Wow. Like, super wow.
That’s about the best day’s tramping ever.
After yesterday’s big blow, today, no wind. No clouds and that breathtaking view.
Mount Rintoul is the highest point on the Alpine Route at 1761 m and today had the full 360° visibility and views. Over there, down the Wairau valley you can make out Blenheim; beyond there blue sea and something of the North Island, there’s clouds over there; Mt Richmond just a smidgen lower; the Pelorus and waves of hills in the sounds, on until the horizon; the Nelson airport; Abel Tasman and Separation Point; a hint of Farewell Spit, if you know where to look there’re some trees down near the end; Kahurangi, Mt Arthur right around to Mount Owen; down to Rabbit Island, Brightwater, Wakefield; and the next lump to get over, Purple Top; beyond that the Red Hills, for the last couple of days; the Rainbow valley and the St Arnaud Range; and the whole sweep of Marlborough Mountains, including in the foreground, the well-known Patriarch, and over the Wairau they go up to the 2000 m Bounds, and then to the Inland Kaikouras, Tapuae-o-Uenuku prominent, should be at 2885 m, but there’s more snow on the Seaward Kaikouras, ie, there isn’t much you can’t see from up here.

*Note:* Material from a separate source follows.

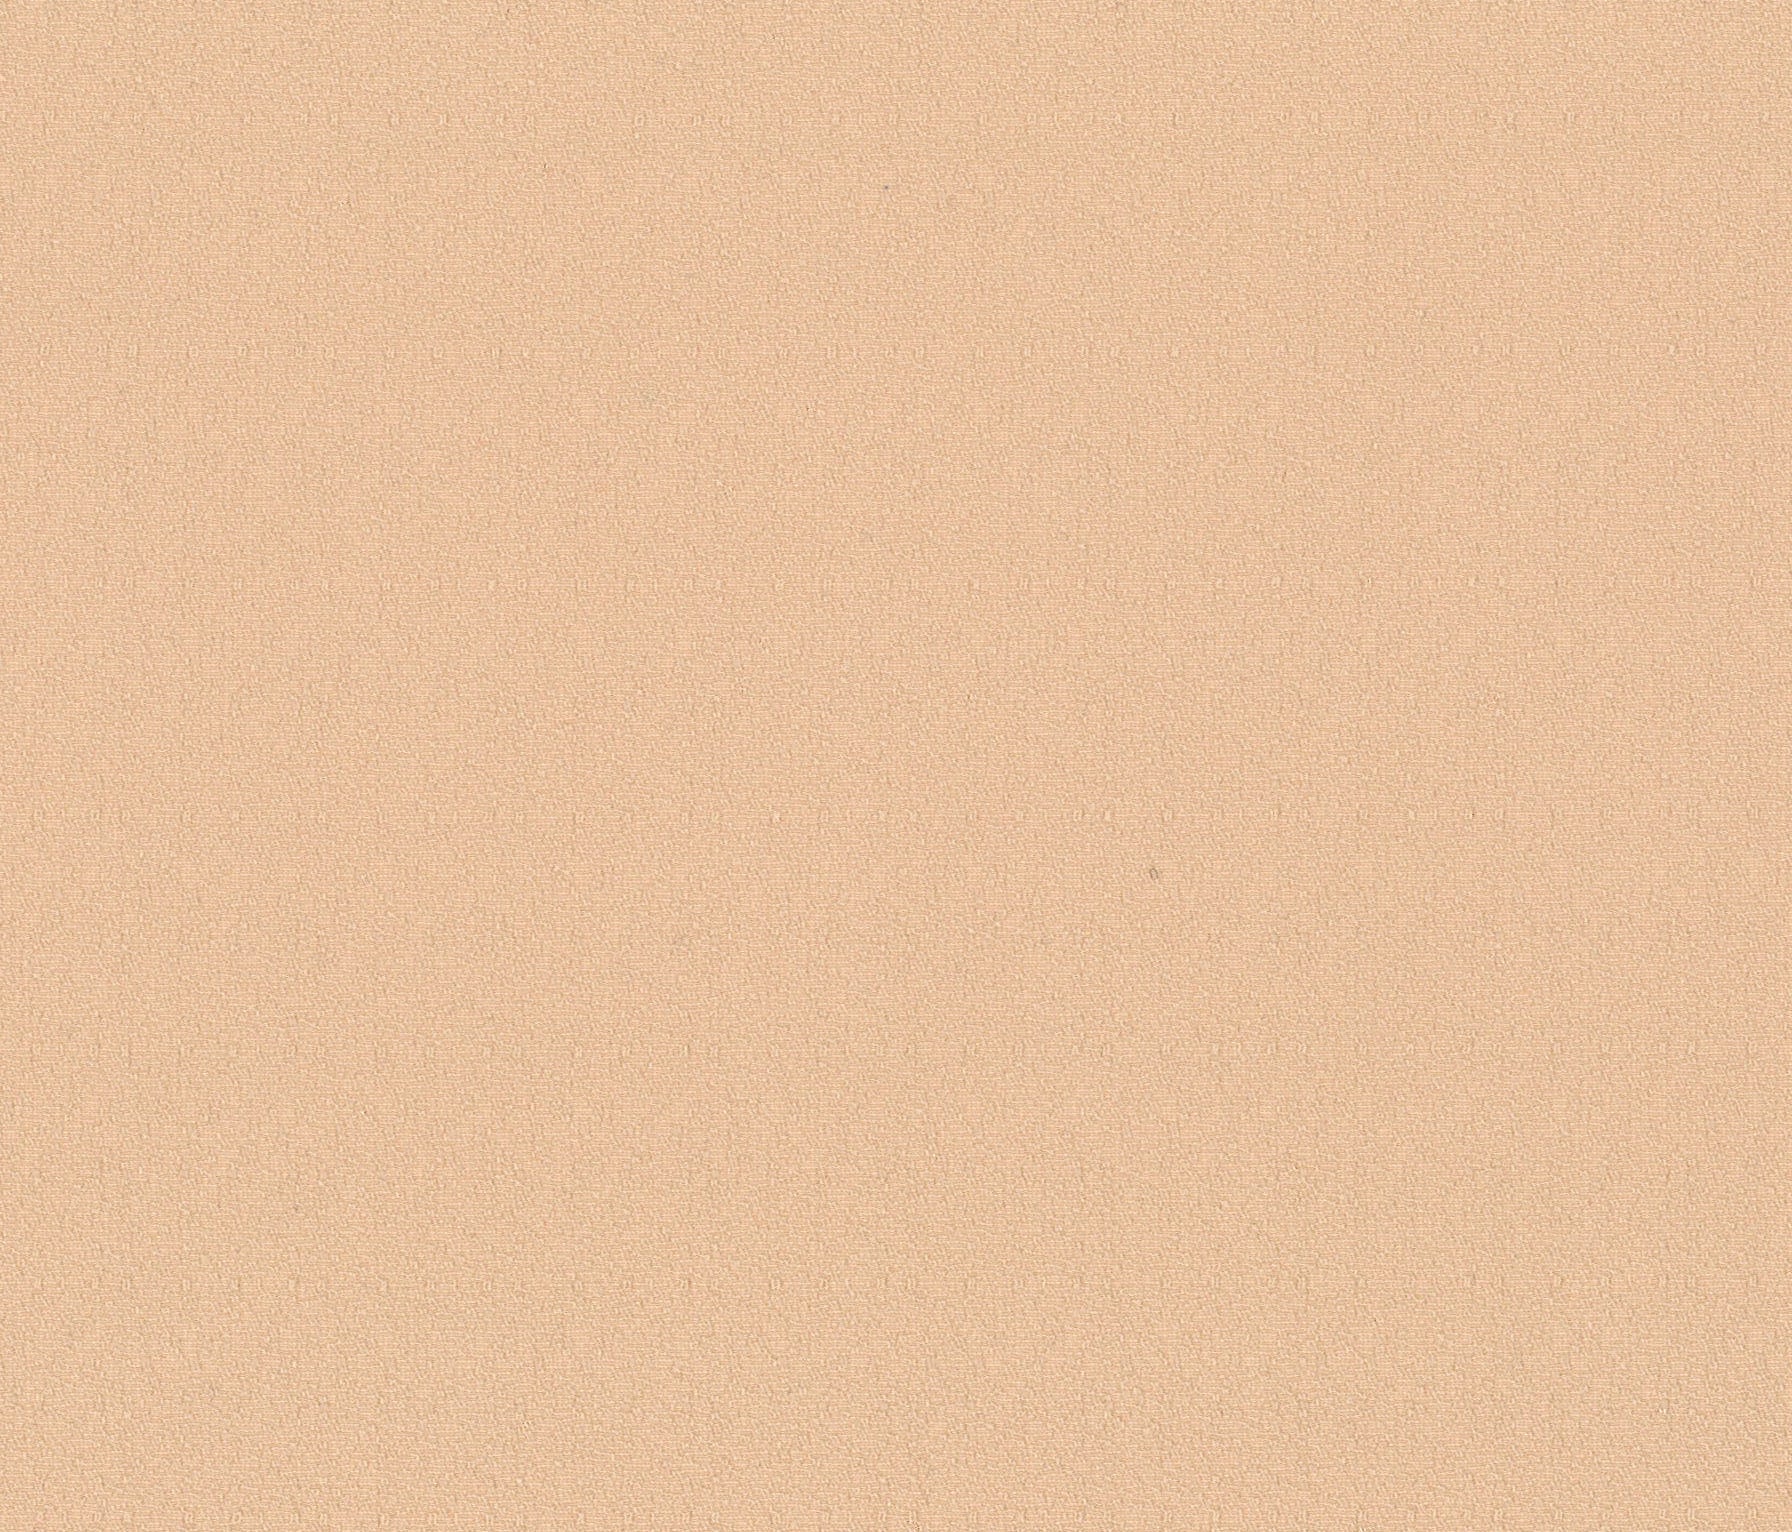 34018-02 Apricot Montel Crepe Pain Dyed Blend 223g/yd 45" beige crepe plain dyed polyester spandex woven Solid Color, Crepe - knit fabric - woven fabric - fabric company - fabric wholesale - fabric b2b - fabric factory - high quality fabric - hong kong fabric - fabric hk - acetate fabric - cotton fabric - linen fabric - metallic fabric - nylon fabric - polyester fabric - spandex fabric - chun wing hing - cwh hk - fabric worldwide ship - 針織布 - 梳織布 - 布料公司- 布料批發 - 香港布料 - 秦榮興

I guess the only thing is it Taranaki which on a clear day, after rain, could be spotted.
There is effort expended in climbing Little Rintoul 1634 m, so that’s 500 m warmup climb, but it’s the 220 m descent down to a saddle, a mixture of loose boulders, scree and everything between that, on a vertigo inducing slope, then you trudge straight back up 350 m to the top of Rintoul proper.
After sometime perusing that astonishing view it’s another almost 500 m drop, more vertigo here, firstly on scree and eventually swinging from pigmy mountain beech trees, you get down in a hurry to the well windowed Rintoul hut, You need those windows, there’s still plenty to see, mostly of the Waimea plain, Abel Tasman direction, all that civilisation spread out more than a kilometre below.
In these conditions you can’t really rush on by, sometimes you can recognise that the world is serving up something very special, tomorrow and the next day I’m mostly below the tree line, ie, spectacular views not often forthcoming, and any other time I come back up here might well be different weather conditions. Make the most of it, I guess this is why I’ve returned to live in Nelson, you just walk out your back door and you get this.
Then, as if reading my thoughts, the sun finally gone down, a band of puffy, cotton wool clouds obscure just the valley, I can see over to Kahurangi, the sky turning peach colour, then a more robust orange, about as perfect day of bloke could wish.